The participants were provided with a pc laptop and noise cancelling headphones for the experiments. For the experiment, we asked them to point at the images they heard in the audio sample and we or our assistant would click the picture for them.
Our results section is broken down into two subgroups. The first (Section 3.1) details the standard experiment, while the second (Section 3.2) looks at the simplified version. Each section provides the results with line plots detailing the mean averages of the responses, followed by a statistical analysis of the results.
Based on production studies of stop voicing in both Gurindji Kriol (Jones and Meakins, 2013) and Kriol (Baker et al., 2014), we would expect the Gurindji Kriol participants will not have a strong perceptual contrast between voiced and voiceless stops, while the Kriol participants should, in turn, maintain two separate categories.

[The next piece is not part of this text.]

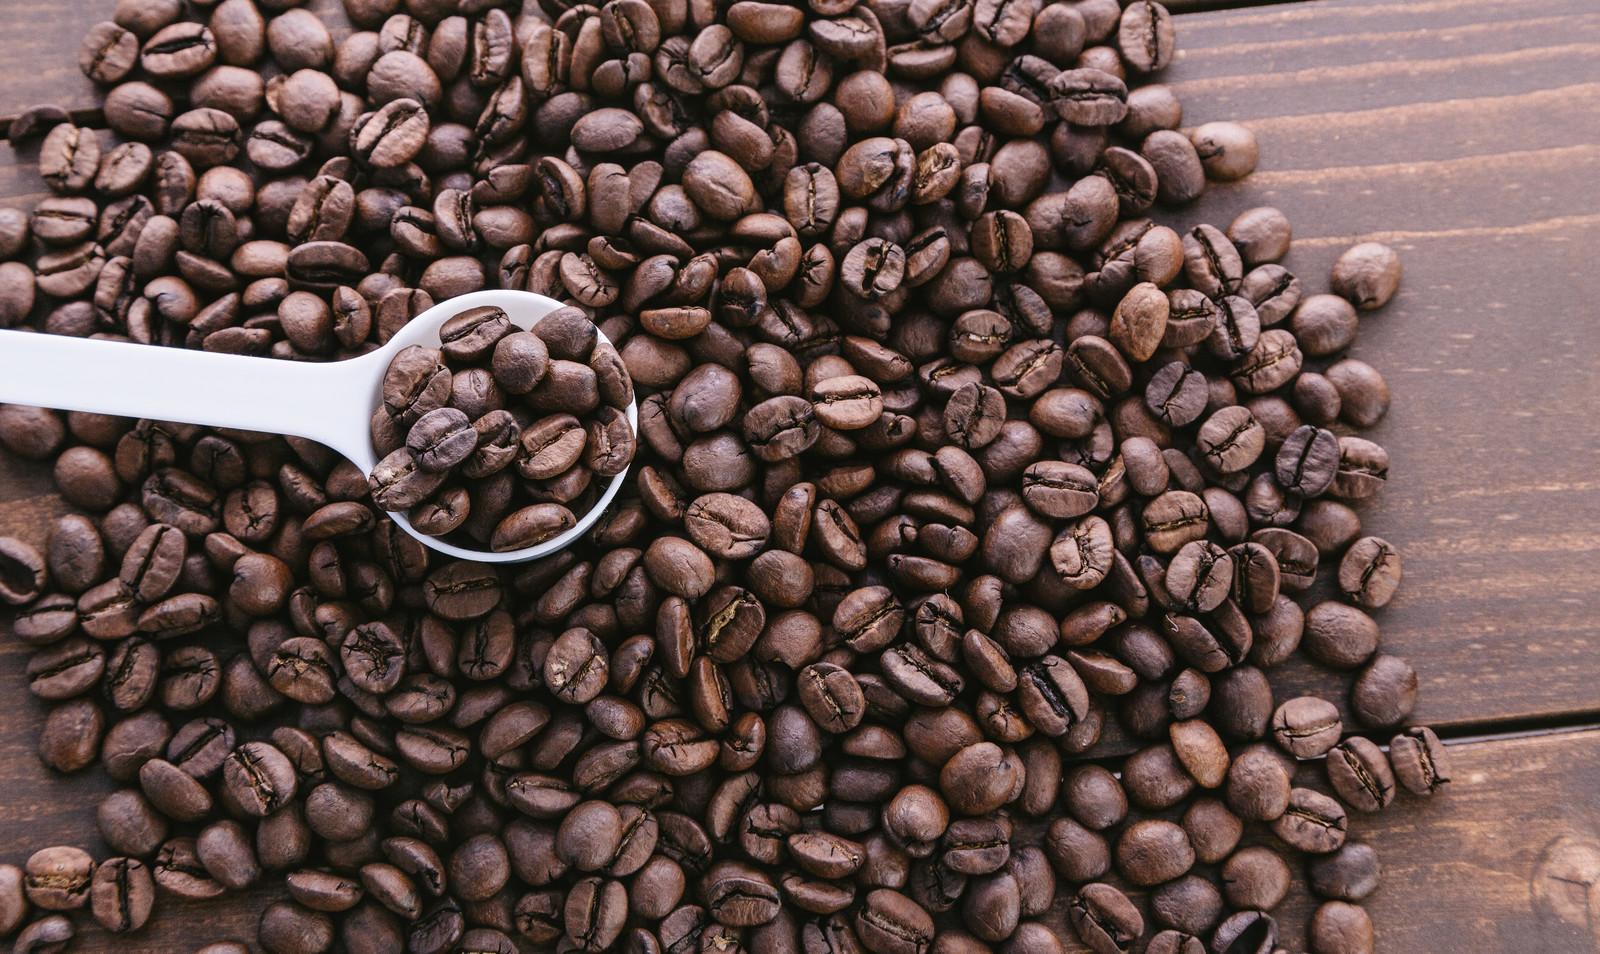 コーヒー好きなあなたへ!豆から焙煎に挑戦してみませんか?

In addition, if results from the standard experiment differ substantially from the simplified version, it may be possible that exposure to Standard Australian English through formal Western education is influencing group ii’s perception. On the other hand, if English exposure is not a defining factor in stop voicing perception, we would expect similar results in the simplified experiment and standard experiment. Similarly, continuing exposure to a traditional Australian language may be predicted to influence results, i.e. older adults at Ngukurr, and older adults and the preteens to middle-aged adults at Kalkaringi have higher levels of exposure to traditional languages that may be expected to affect their ability to make a strong perceptual contrast between voiced and voiceless stops.
To test these hypotheses, we built two generalized linear mixed effects models fit by the Laplace approximation, one for each experiment, to analyse the results from the perceptual experiments described in Section 2. Generalised linear (logistic) regressions allow for the analysis of a discrete dependent variable (e.g., the binary voiced/ voiceless response to the stimuli in these experiments) along with independent variables that include an entire population (e.g., age, gender, exposure to English etc.). The mixed effects version of a generalised linear regression incorporates an additional layer of analysis by including variables whose populations cannot easily be exhausted (e.g., listener or word (where it is impossible to test every word in a language and its variation each time its uttered)). These models help answer two basic questions: (1) is there a difference between Kriol and Gurindji Kriol at the intercept4 (i.e., do listener responses to the stimuli differ significantly at the first step of a continuum)? And (2) do the slopes of the curves differ across the continuum by language (i.e., do listener responses to the stimuli deviate significantly across the continuum)? To answer the latter question, the models contain interactions between continuum and language. These models also look for differences across the age range of the participants and differences based on place of articulation (bilabial, alveolar, and velar).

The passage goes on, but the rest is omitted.